Source data
╔══

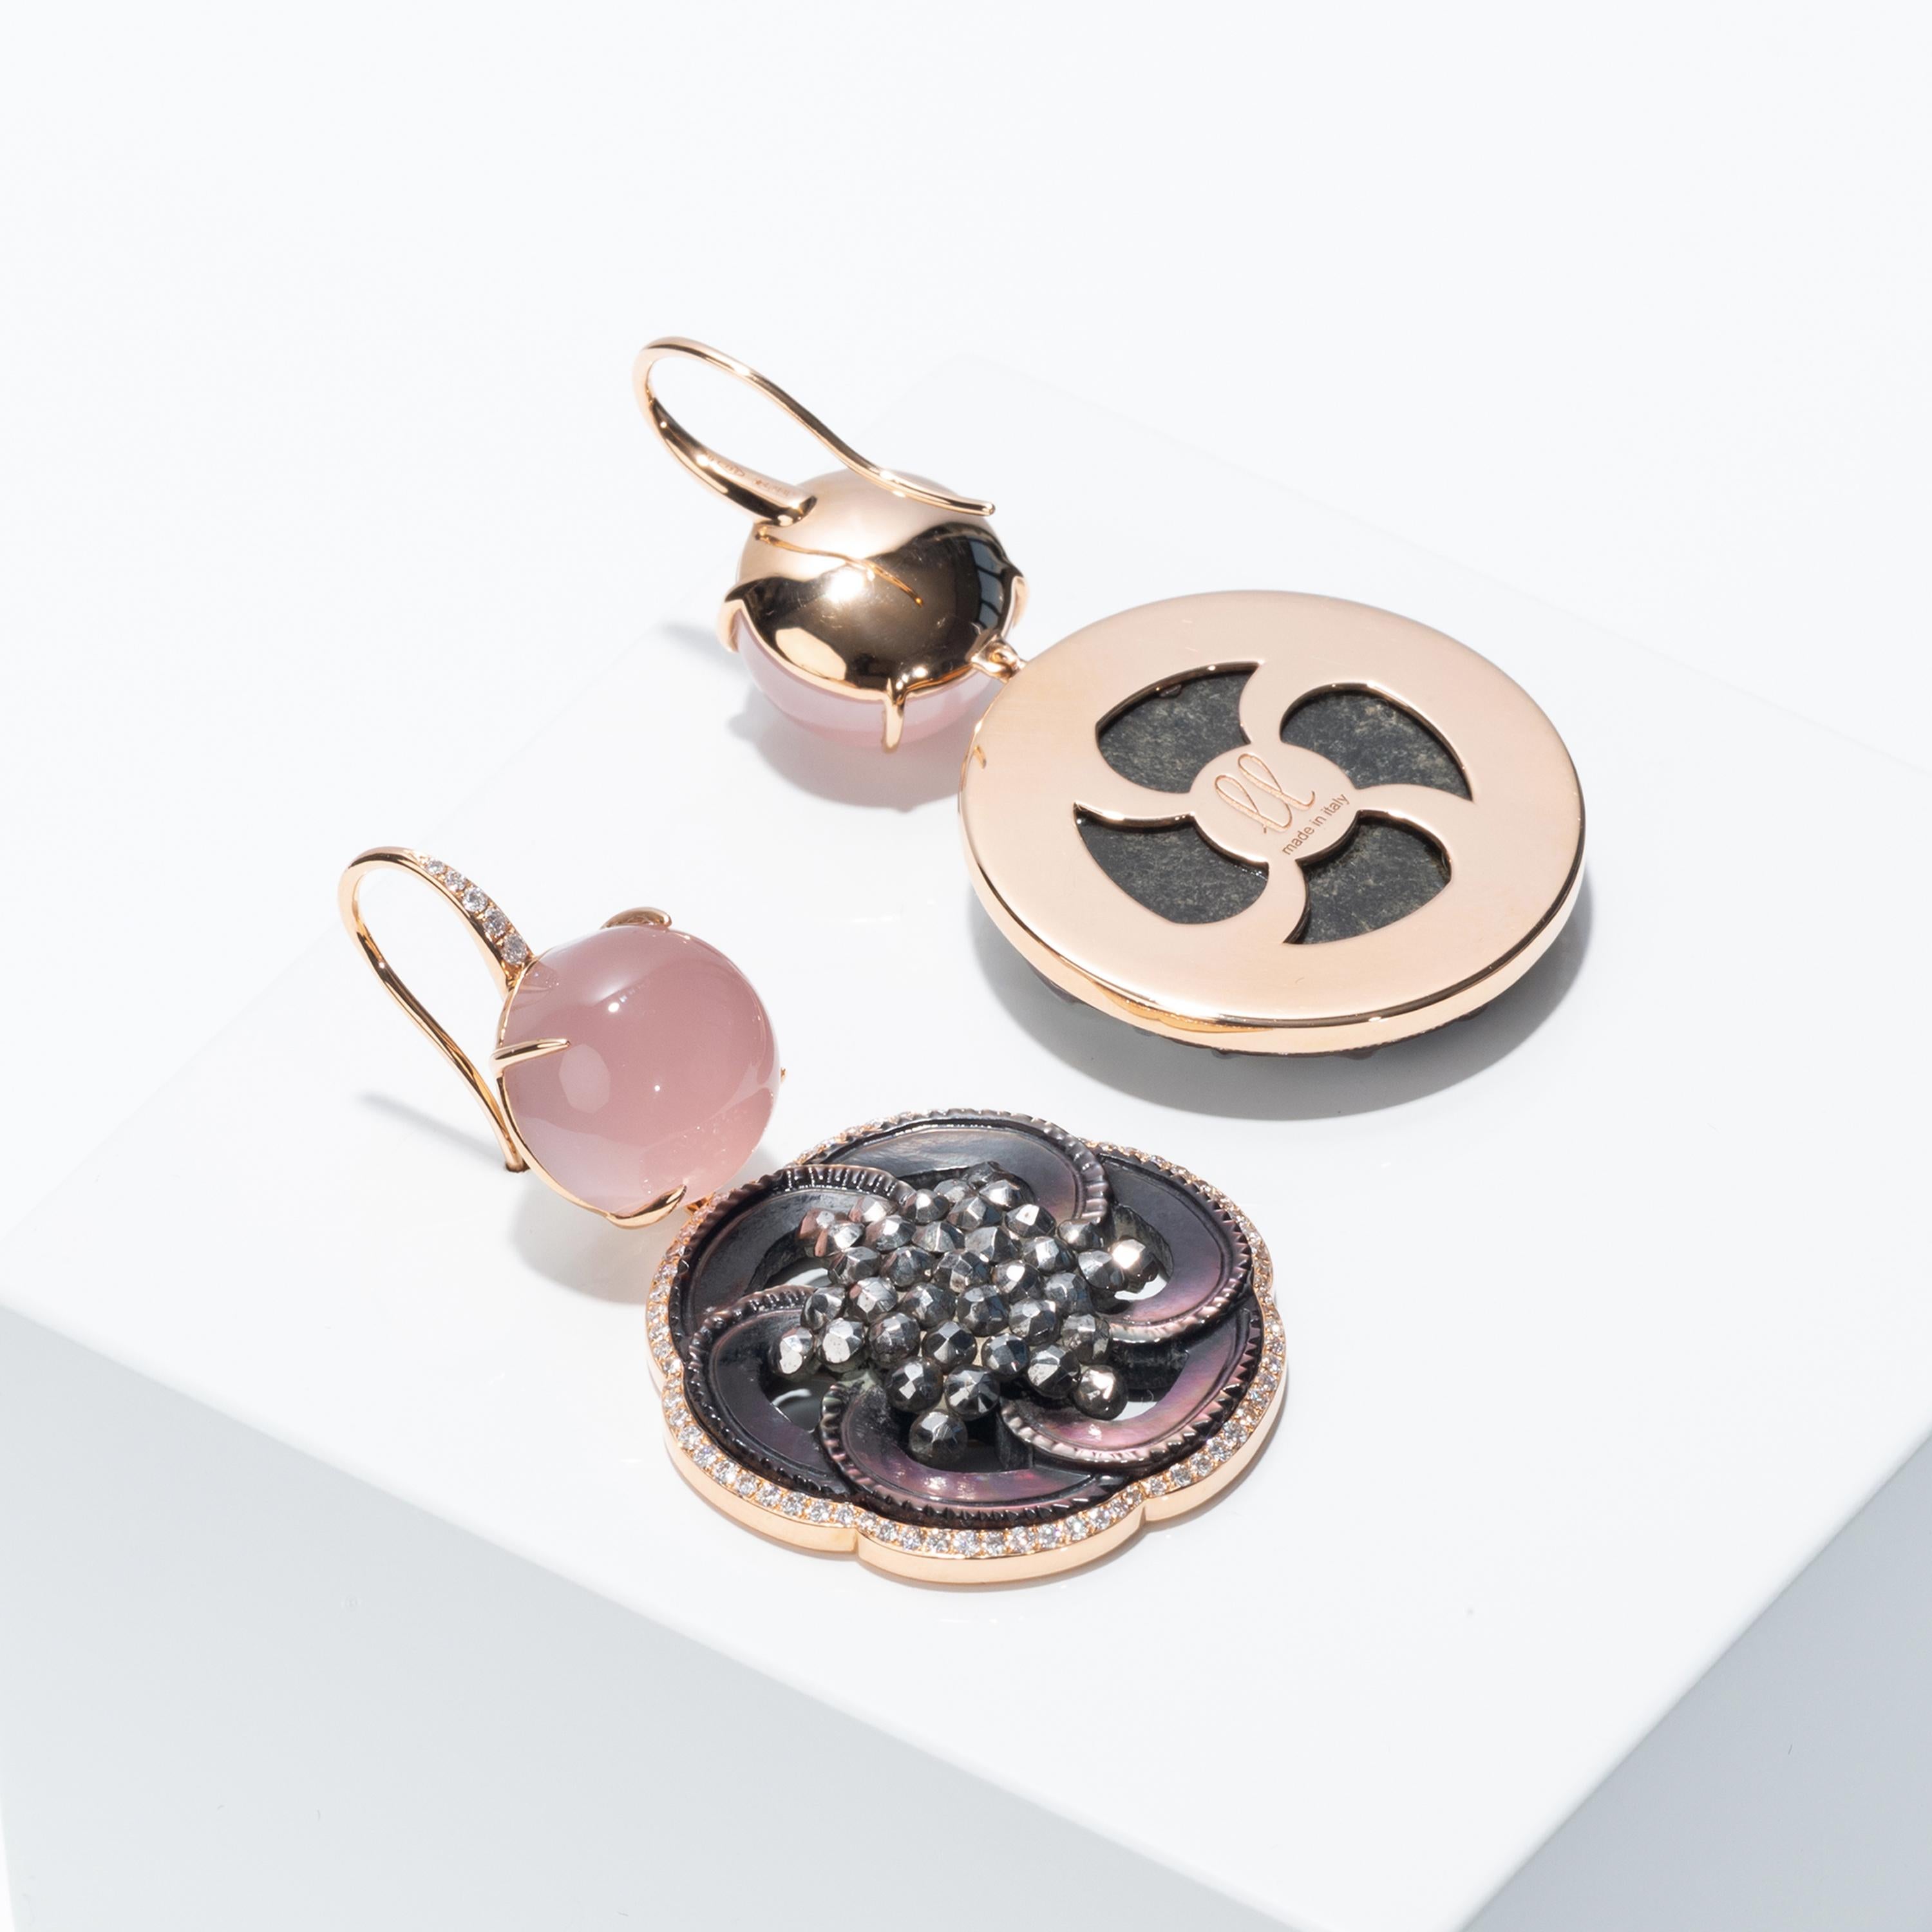 Cabochon Francesca Villa's Asymmetric 18k Gold Quartz Diamond Button Chic Pink Earrings For Sale
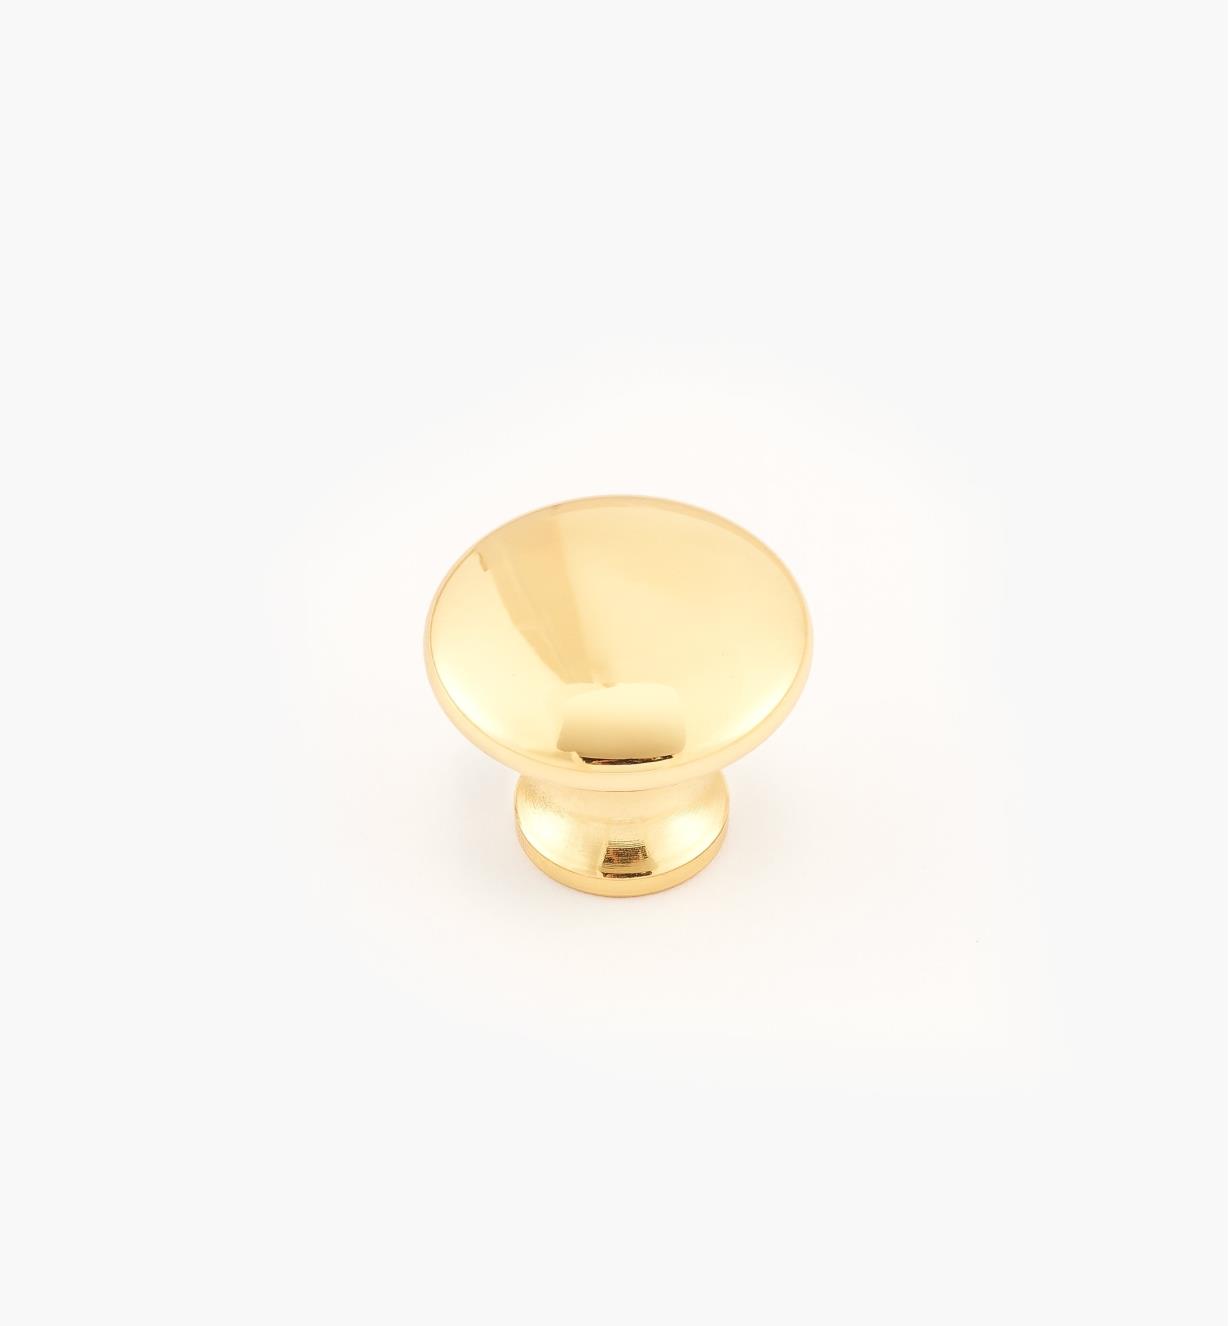 02W2709 - Polished Brass Suite - 3/4" x 5/8" Round Brass Knob
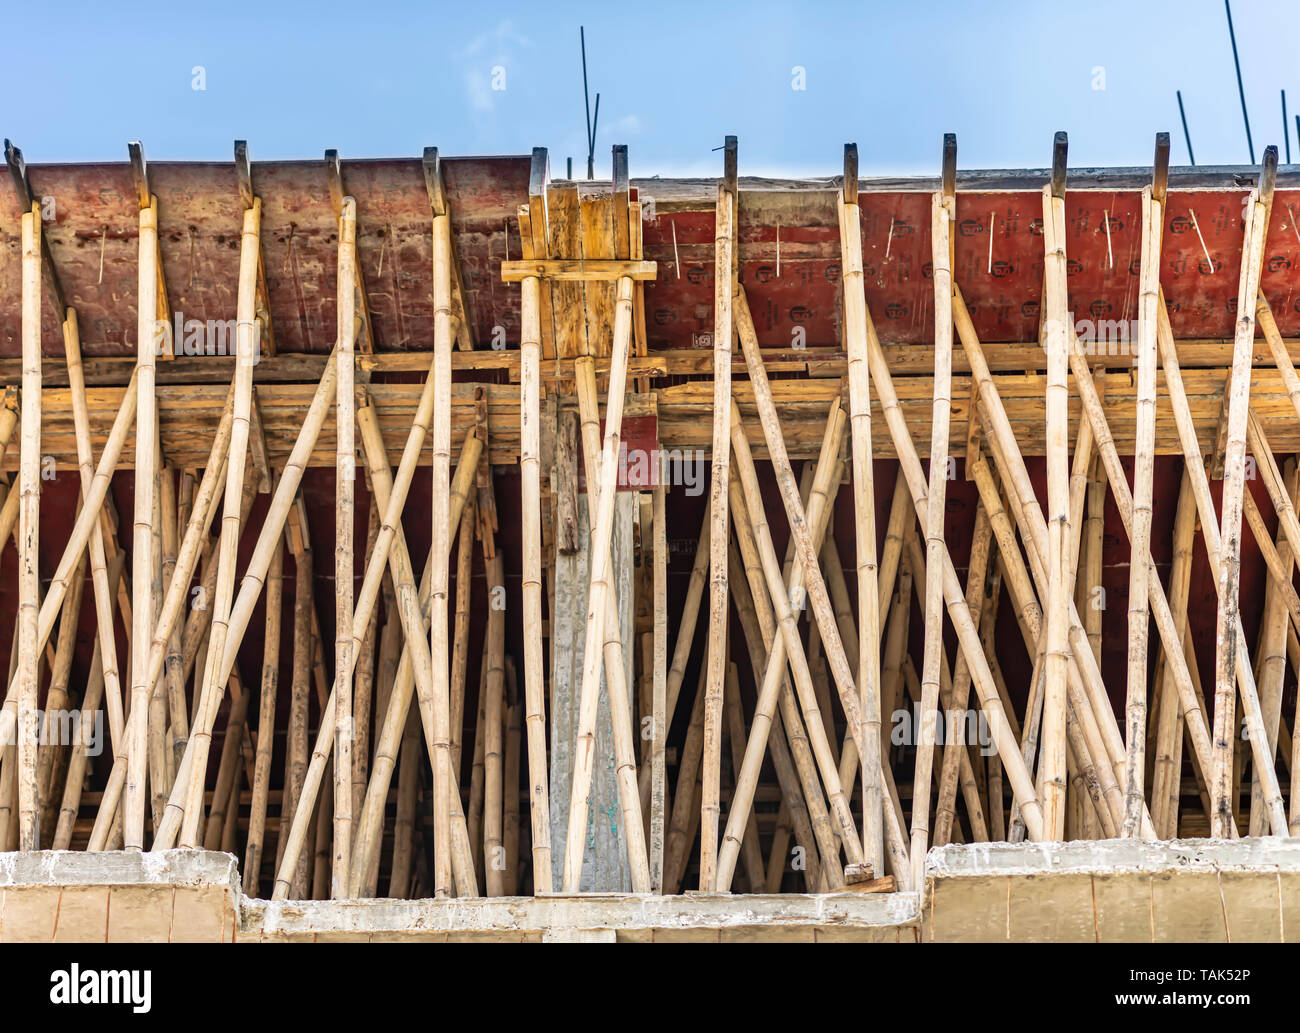 Ein Bambus Gerüst verwendet eine verstärkte Zement Beton Dach Tafel zu unterstützen. Die neu gegossen Dach ist nach links für ca. 7 Tage zu kurieren. Indien. Stockfoto

╚══

Exercise
Would you reproduce the listing above in full and exactly, without its pictures?

Answer space
 Cabochon Francesca Villa's Asymmetric 18k Gold Quartz Diamond Button Chic Pink Earrings For Sale
 02W2709 - Polished Brass Suite - 3/4" x 5/8" Round Brass Knob
 Ein Bambus Gerüst verwendet eine verstärkte Zement Beton Dach Tafel zu unterstützen. Die neu gegossen Dach ist nach links für ca. 7 Tage zu kurieren. Indien. Stockfoto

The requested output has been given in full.